Good lord. Tell us more about what you ‘used to believe’. I used to be certain I could fly down stairs. It turned out. I was wrong.

To explore this idea further, ecosystem restoration and mitigation experts from throughout the Chesapeake Bay watershed, as well as those from elsewhere in the United States and abroad, will convene at BeaverCON 2020, being held March 3-5 in Hunt Valley north of Baltimore.

Attendees will discuss, among other topics, how beavers can help restore tributaries naturally by trapping pollution, increasing biodiversity and even combating climate change, all in a cost-effective manner.

HURRAY HURRAY! Never mind that the court has already ruled on the issue MANY MANY TIMES and the conference really is not to ‘explore’ or ‘debate’ the issue but to communicate the facts about what readers of this website know to be true: Beavers are good news. Pay attention!
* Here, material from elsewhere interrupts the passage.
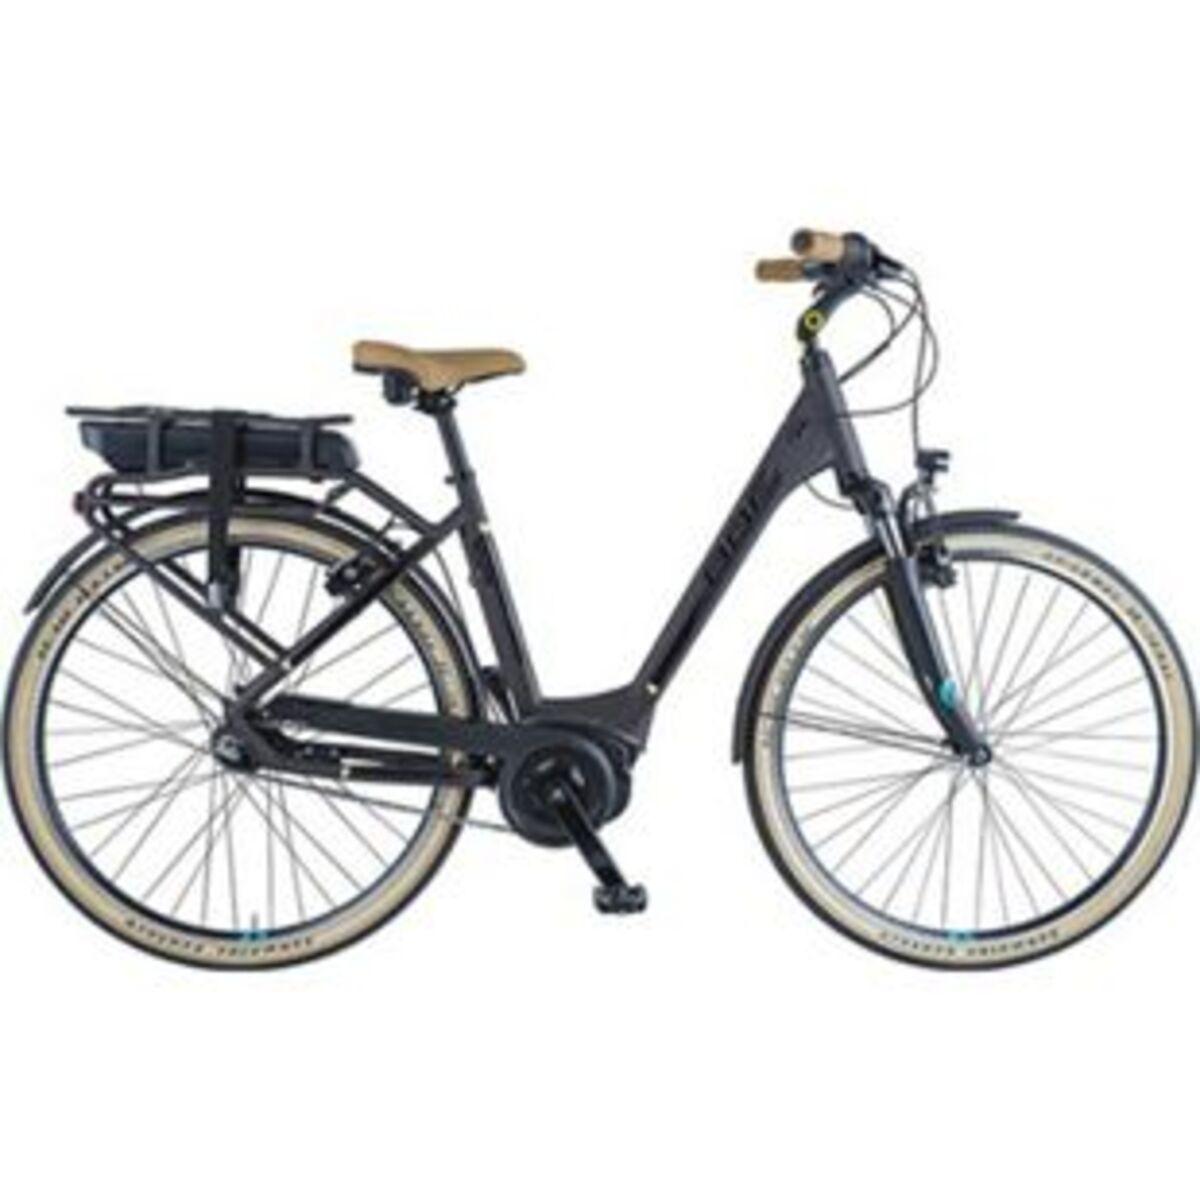 Bild 2 von BBF Madrid 700c E-Bike Damenrad Stadtrad 28 Zoll Pedelec Elektrofahrrad Citybike StVZO... 50 cm, braun

However, given the Trump administration’s continued assault on Chesapeake Bay cleanup efforts — the most recent insult is a proposed 91 percent funding cut written into the federal 2021 budget, vigorously opposed, thankfully, by right-thinking pols like Gov. Larry Hogan and Maryland’s Congressional delegation as well as most hunting and fishing organizations — ramping up beaver-driven restoration, at least on a stream-by-stream basis, is definitely worth a try.

At this stage, what do we have to lose?

Ha!

Now that I did not see coming. The Trump administration is ruining everything anyway so why NOT try beavers? Silly me, I hadn’t even been thinking of them as an ally. I guess it’s an ill wind that blows nobody some good, right?